No marketing-speak, no crap about how many other people have been affected by the virus-er I mean upgraded, all they needed was to be straightforward with users. Why was that so hard for Microsoft to do?

As someone who held onto Win2k until it hurt, I still thought it might be a good deal back then when they offered the free upgrade from 7 to 10. I thought: I'll just wait until the last moment so I can see what kind of bugs come up. While upgrading one of my laptops to 10 to play around with it and be prepared (which was a horrible experience on it's own).

Now with the moment coming closer and seeing what they do there, I'm pretty sure I'll play the win2k game one more time with my win7 and see what comes up next. Even if I'd have to pay for it.

1. Backup your Windows 7 install

2. Upgrade to Windows 10 (this associates your machine with a permanent license)

3. Restore your backup

If/when time comes to actually upgrade, you should be able to do so (or install from scratch) using the license you acquired in step 2.

I just run win7 in a VM on Linux.
I thought Nadella would bring an ending to such hamfisted, Ballmeresque/Gatesian approaches what with him supporting such open projects lately. This is sad.
I don't think this debacle can be blamed on Ballmer, and certainly not on Gates.

In fact, I have to wonder if the reason why Ballmer was finally handed his walking papers by the board was that he was unwilling to greenlight these frog-marched upgrades to Windows 10.

Somebody very powerful at Microsoft, or perhaps elsewhere, wants everybody to accept this free update way, way too badly, and it's not clear why.

They're getting their asses handed to them by malware. They have a huge attack surface of users on various versions of Windows. Forced upgrades reduces that attack surface of older versions of Windows.

That's all I can think of. In open source software where this is more transparent, computer security is hard. Backporting fixes is harder, and expensive, and has its own risks. Microsoft can't be immune to the same problem.

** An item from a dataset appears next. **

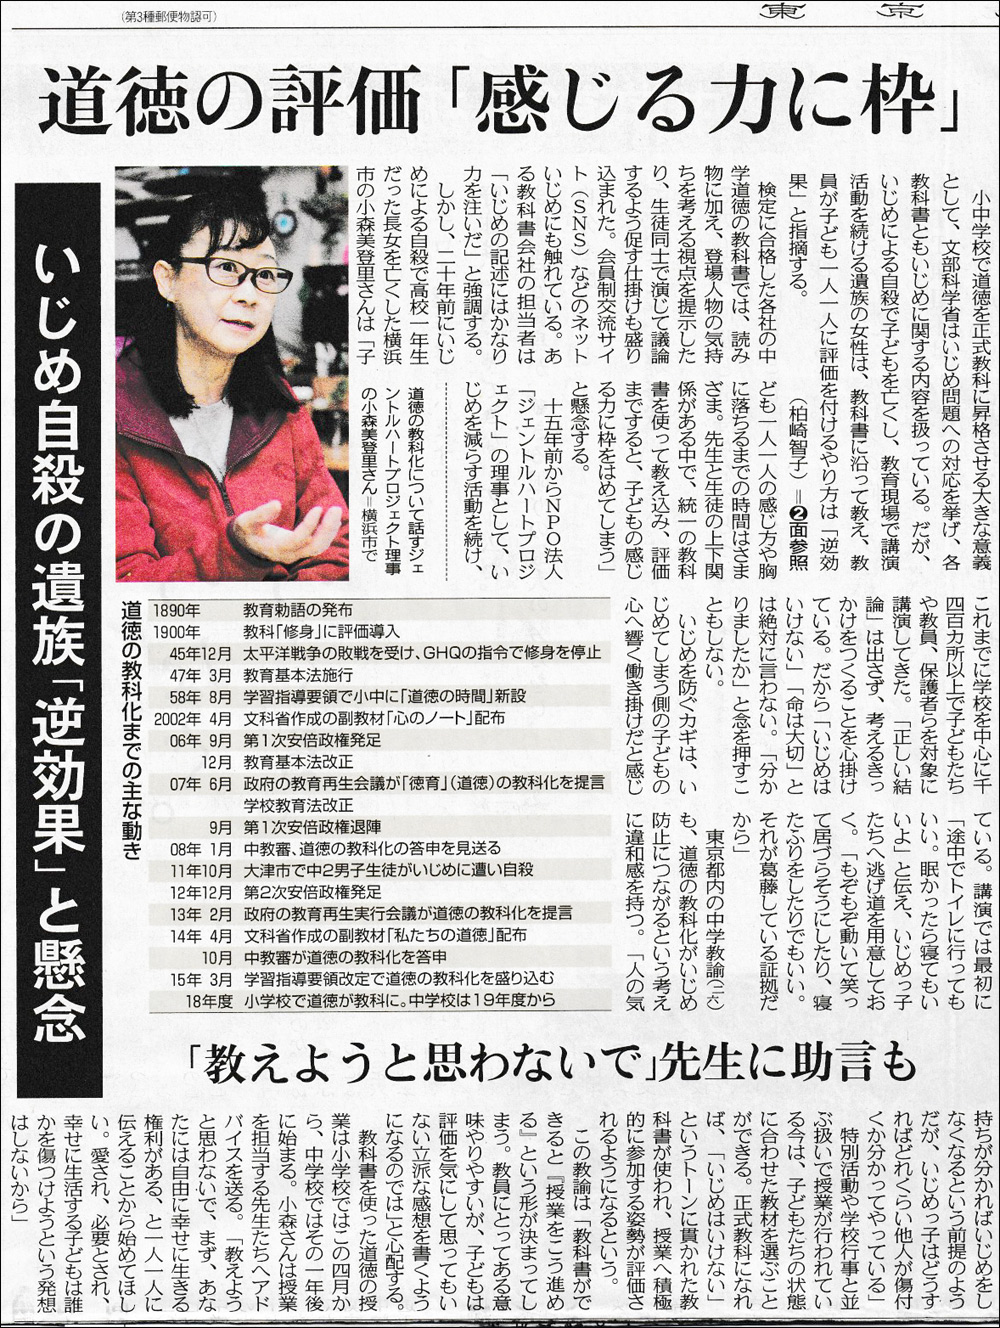 小森美登里：東京新聞掲載「道徳の評価『感じる力に枠』 いじめ自殺の遺族『逆効果』と懸念」

I don't believe a single second that Microsoft is adopting this hard line for security considerations. They want to monetize their users. They want them to watch their in-OS ads, they want to accumulate data on people, they want them to go to bing for search, etc.
Exactly. If Microsoft cared about user security, they've had the last three decades to do something about it. This is all about monetization and tracking.
I think the most important one here is the Windows Store.
I forgot it and completely agree, they want a cut of anything installed on the machine. And following this logic I wouldn't be surprised if they would make it increasingly difficult to install any non store app. Requiring them to be signed first, then signed by them against a fee, then simply not allowed like iOS does.

Which is why not having the option to turn down upgrade after having been upgraded to windows 10 is problematic.

It's mostly about Windows Phone, which needs apps, which means the store needs users. If it gets users then people will bother to develop cross phone/desktop apps. Of course no one uses the store still, even as Microsoft tries to force/trick you into logging in with a Microsoft ID.
They can address security issues (as they always have) without forcing an OS upgrade.

The low-level 'attack surface' is mostly unchanged. Windows 10 is not a total rewrite of Windows Vista/7/8, or anything close to it. As proof of this assertion, you'll note that most security patches that apply to Windows 10 will correspond to equivalent patches for earlier versions.

Yea, WinSE does cost money too and I think I saw a mention that it is considered a cost center.
Bill is back, and he is a major force behind Nadella, Nadella is just a marionette. Yes, Microsoft used to be a better citizen when Ballmer was in charge.